> Data below:
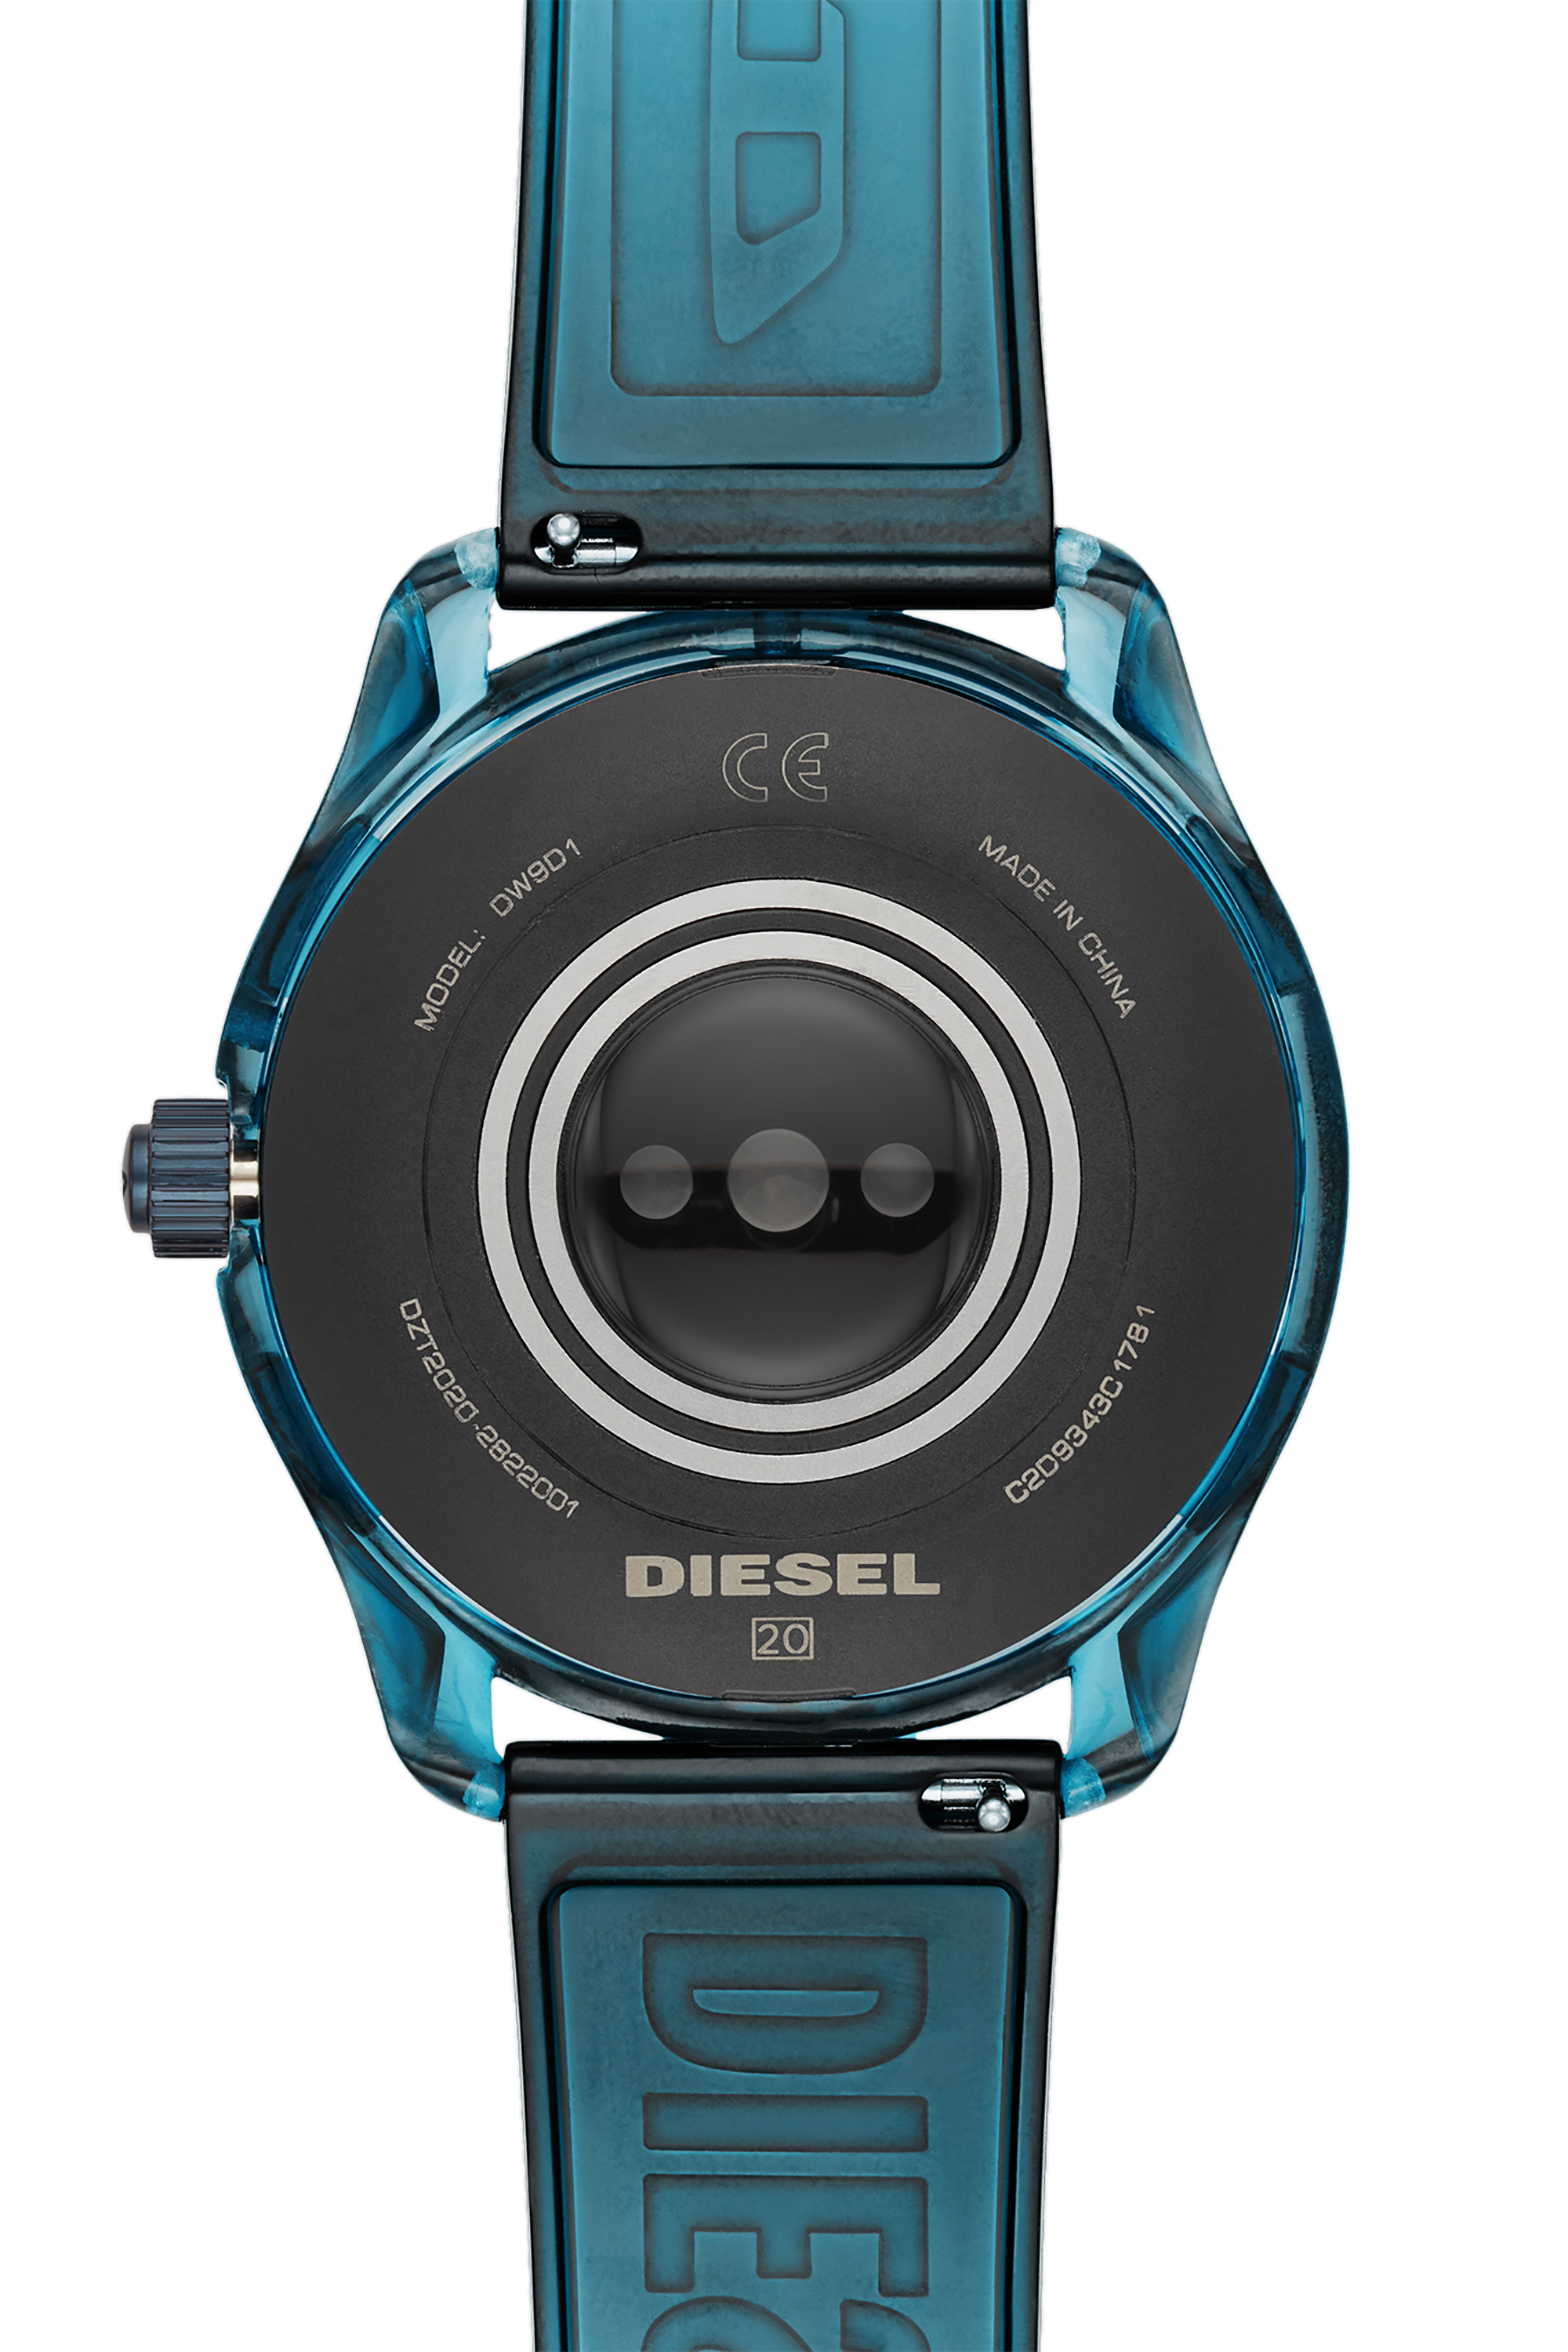 Diesel - DT2020, Blu - Image 4
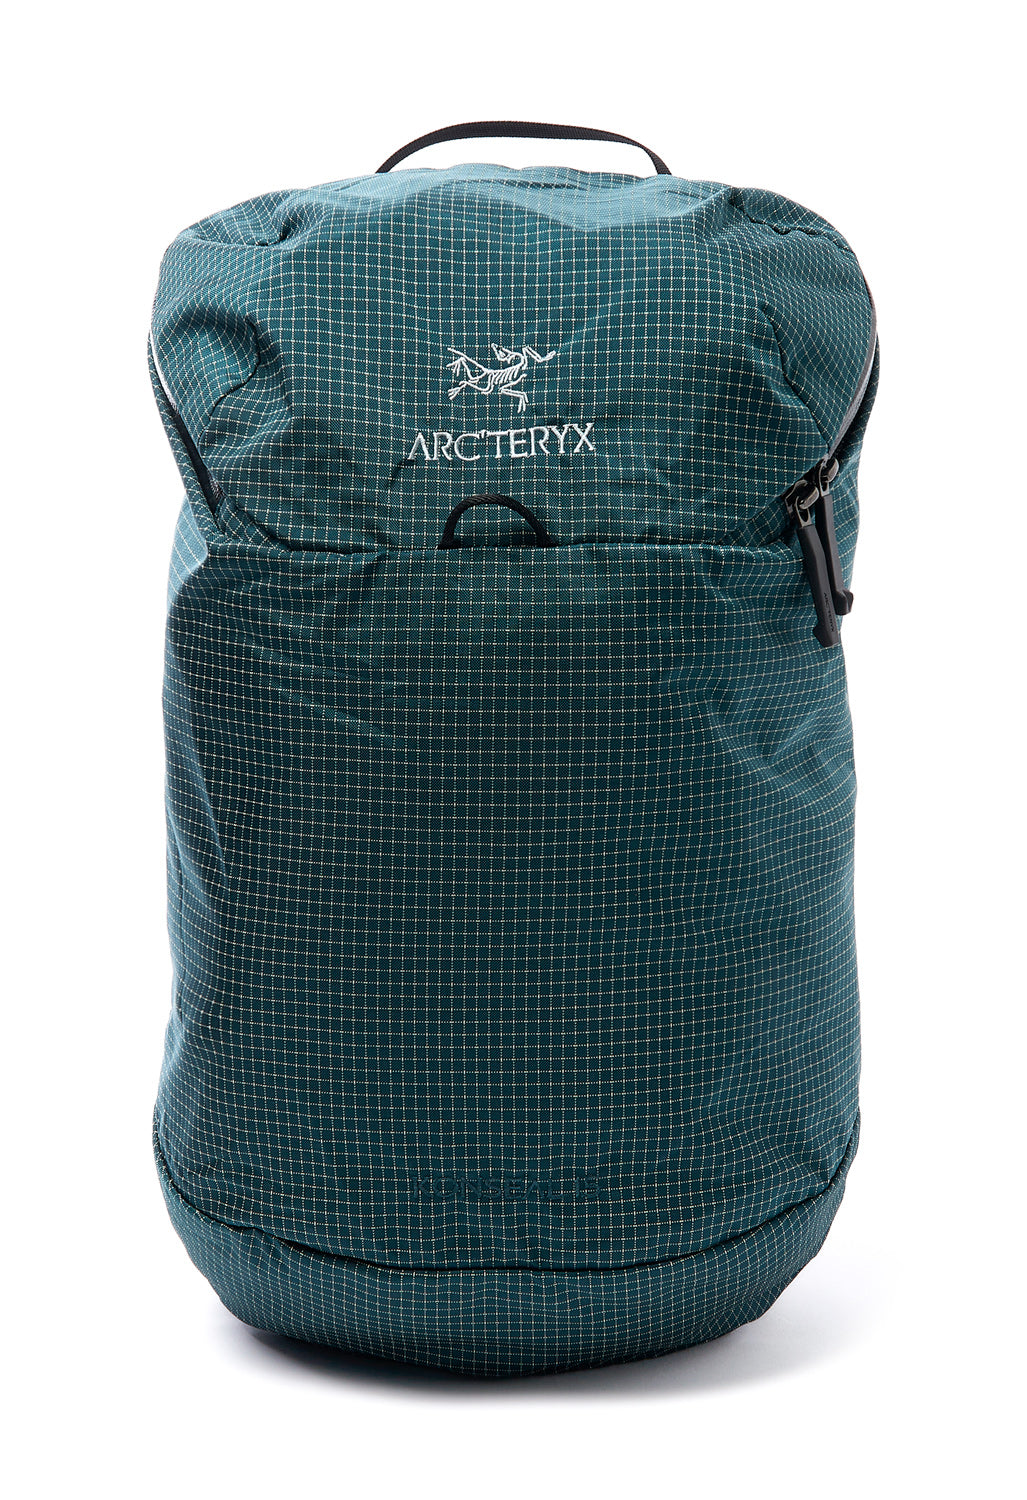 Arc'teryx Konseal 15 Backpack 1
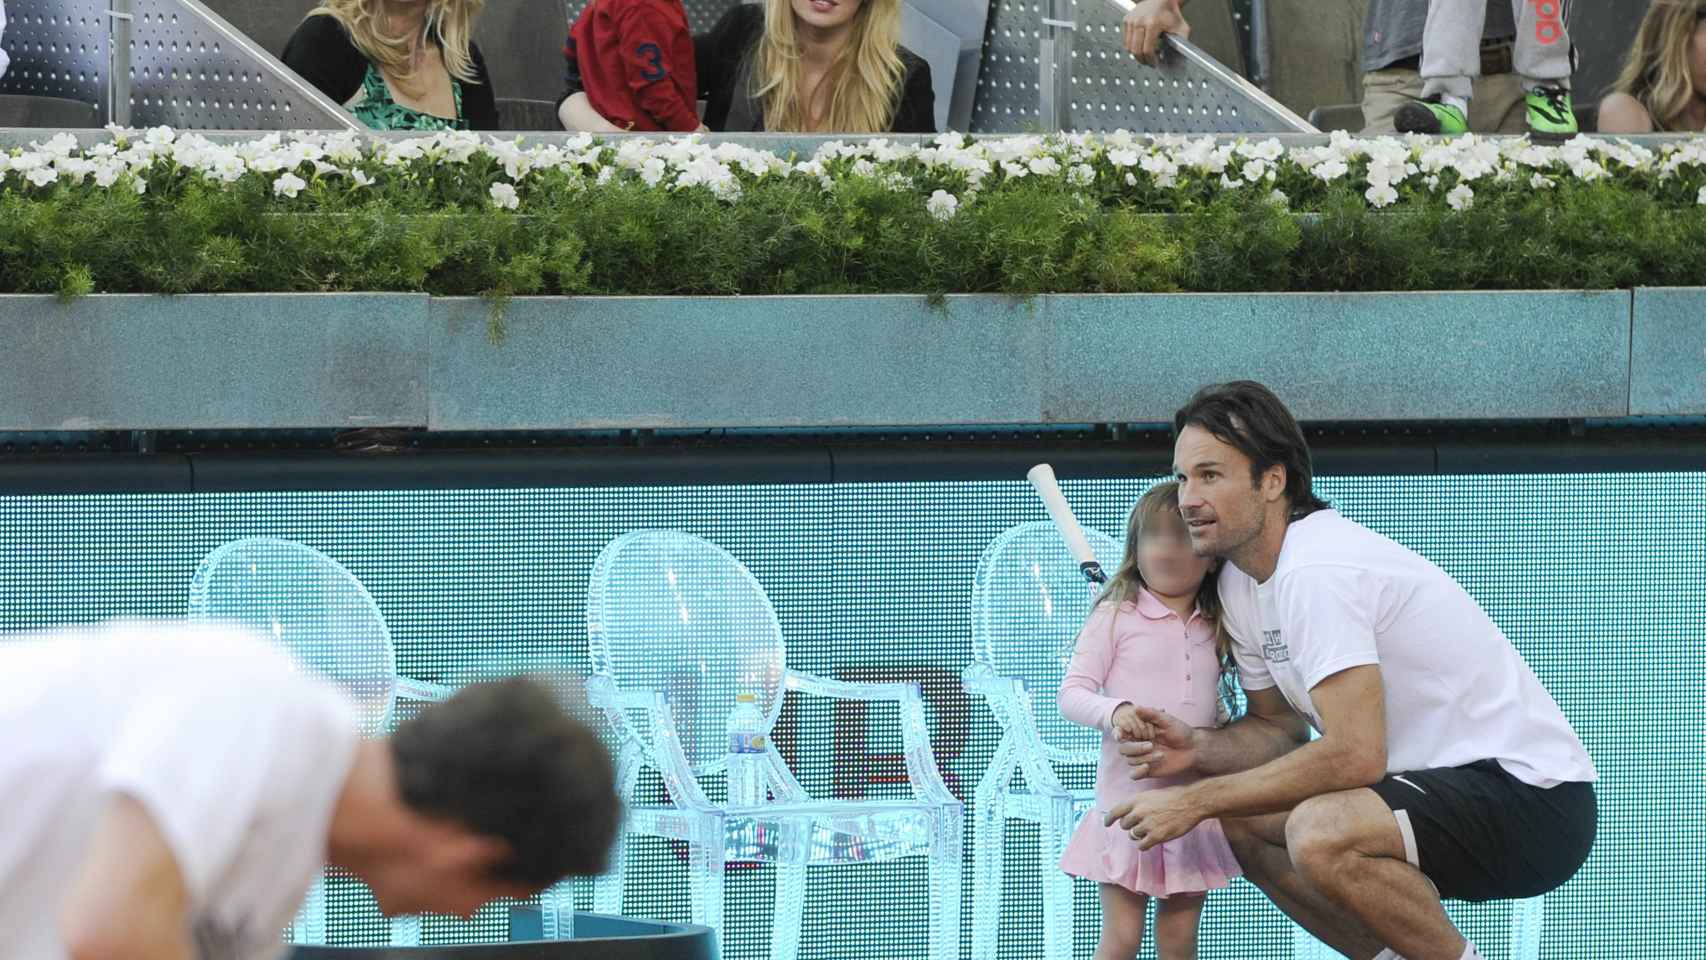 Carlos Moyá en pleno torneo de tenis bajo la atenta mirada de su mujer Carolina y sus hijos.
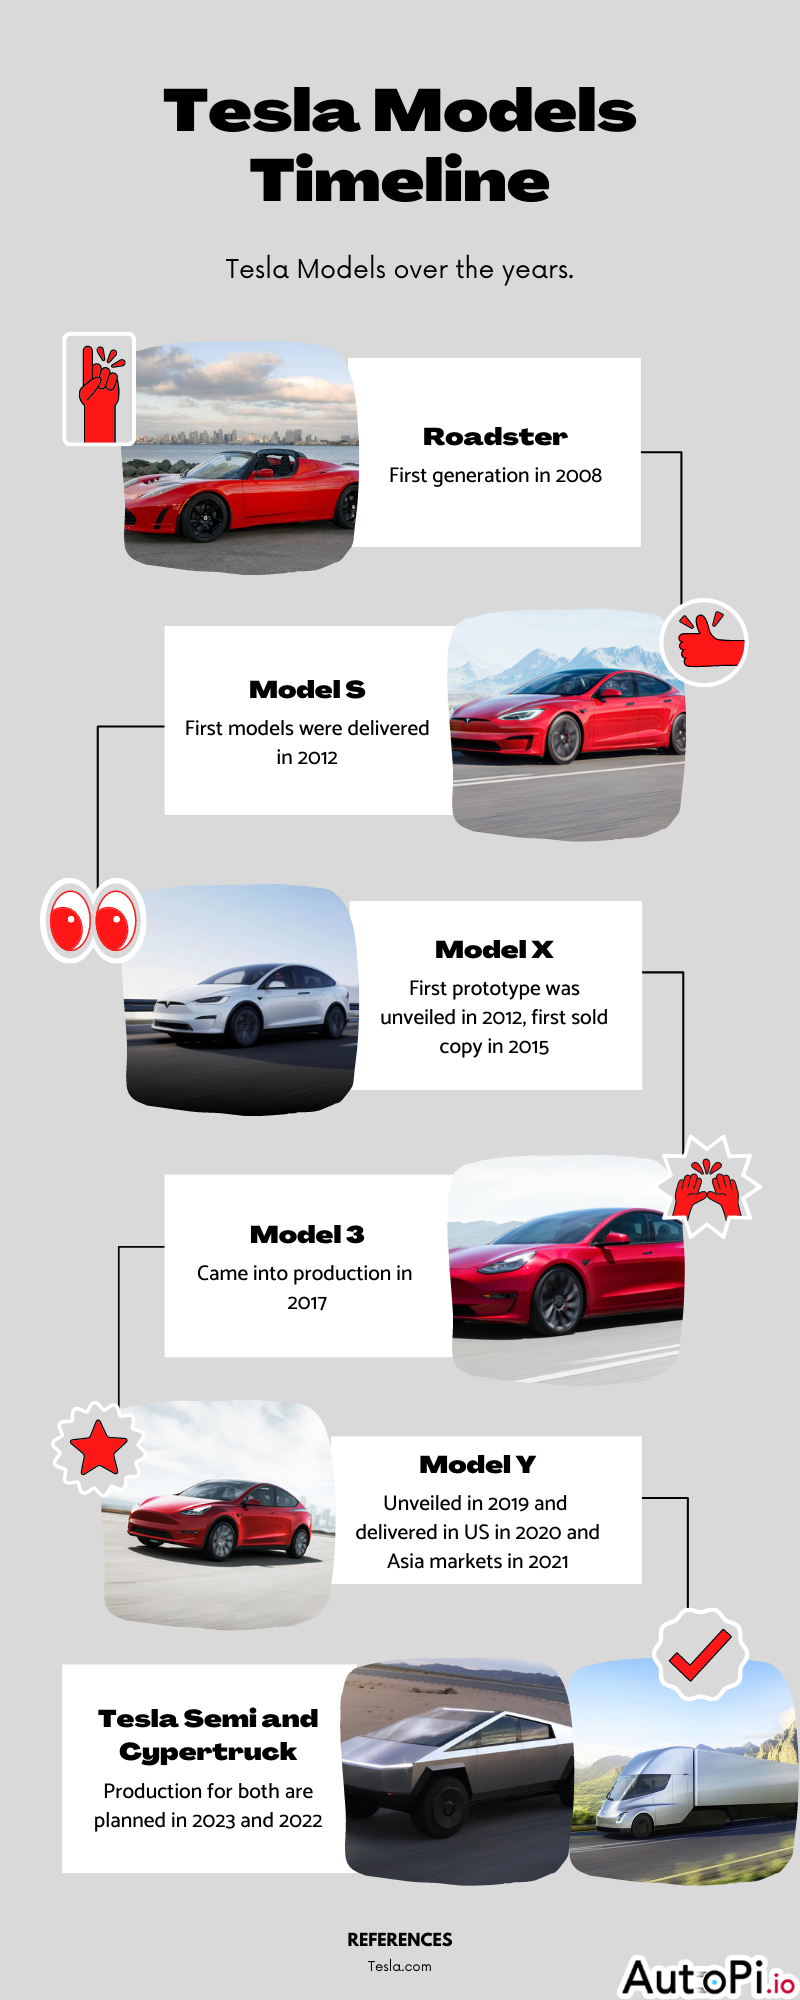 Tesla Models Timeline

> Your objective: Copy out every line above without change, dropping the pictures.

> Response to this exercise:
 Diesel - DT2020, Blu - Image 4
 Arc'teryx Konseal 15 Backpack 1
 Carlos Moyá en pleno torneo de tenis bajo la atenta mirada de su mujer Carolina y sus hijos.
 Tesla Models Timeline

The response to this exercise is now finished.